GloRilla singles chronology
| "Show Dat Work" (2024) | "Hollon" (2024) | "Whatchu Kno About Me" (2024) |

Music video
- "Hollon" on YouTube

= Hollon =

2024 single by GloRilla

"Hollon" (stylised in all caps) is a song by American rapper GloRilla, released on September 20, 2024, as the second single from her debut studio album, Glorious. Produced by SkipOnDaBeat and FnZ, it samples "Hold on Ho" by Unk.
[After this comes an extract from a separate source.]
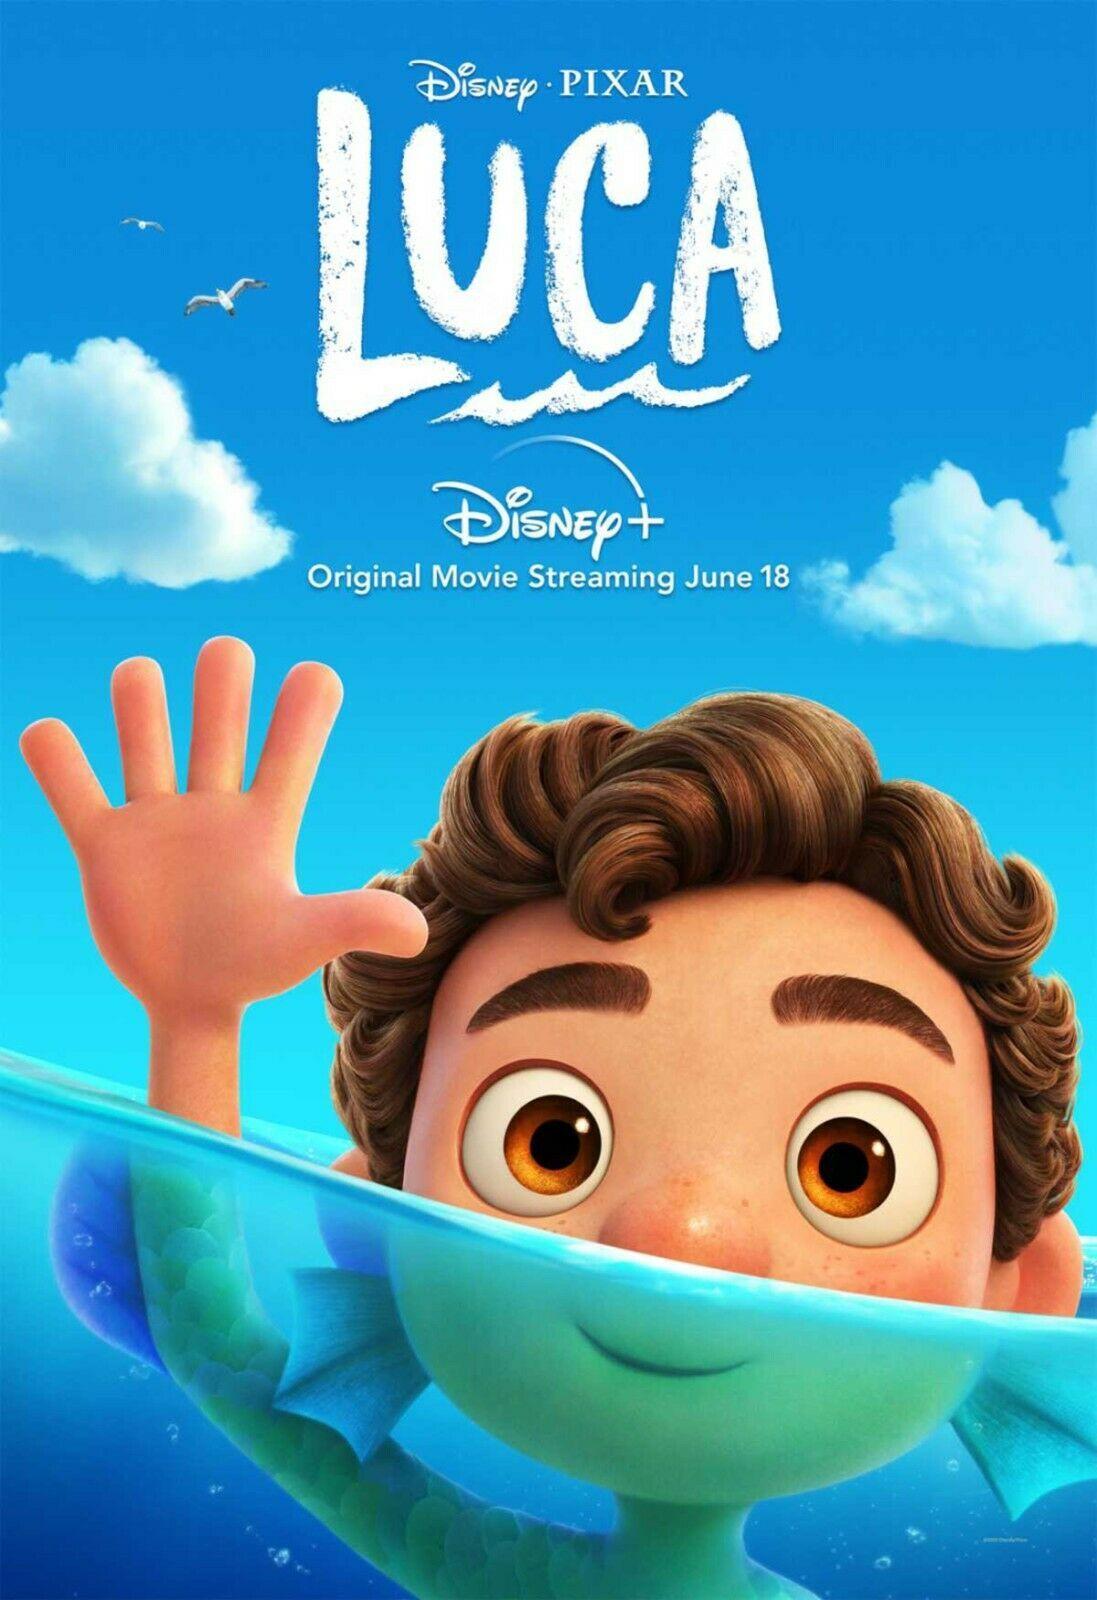 Luca (2021) película de animación de Seda cartel de alta calidad de pared decoración de hogar (e) 24x36in

==Composition and lyrics==
The song is built on a sample of "Hold on Ho", using hi-hats and a horn sample as well. GloRilla boasts to her enemies, declaring how she and her women friends handle problems in the opening: "You must not know what you just started / Me and my bitches go gnarly / Give a fuck about this party / We gon' step on shit regardless".

==Critical reception==
Tom Breihan of Stereogum called the song "another in her long series of hard-stomping chant-alongs". Elias Andrews of HotNewHipHop stated, "GloRilla is talking trash and flexing on her haters. What else would you want her to do? She does it well, and it sounds ridiculously catchy as she does it." Aaron Williams of Uproxx wrote regarding the song, "One thing GloRilla is good at: giving fans rambunctious singalong anthems with crowd-pleasing chants set to soul-shaking beats."

==Charts==

Chart performance for "Hollon"
| Chart (2024) | Peak position |
|---|---|
| US Billboard Hot 100 | 48 |
| US Hot R&B/Hip-Hop Songs (Billboard) | 12 |

==Certifications==

Certifications for "Hollon"
| Region | Certification | Certified units/sales |
| United States (RIAA) | Gold | 500,000^{‡} |
^{‡} Sales+streaming figures based on certification alone.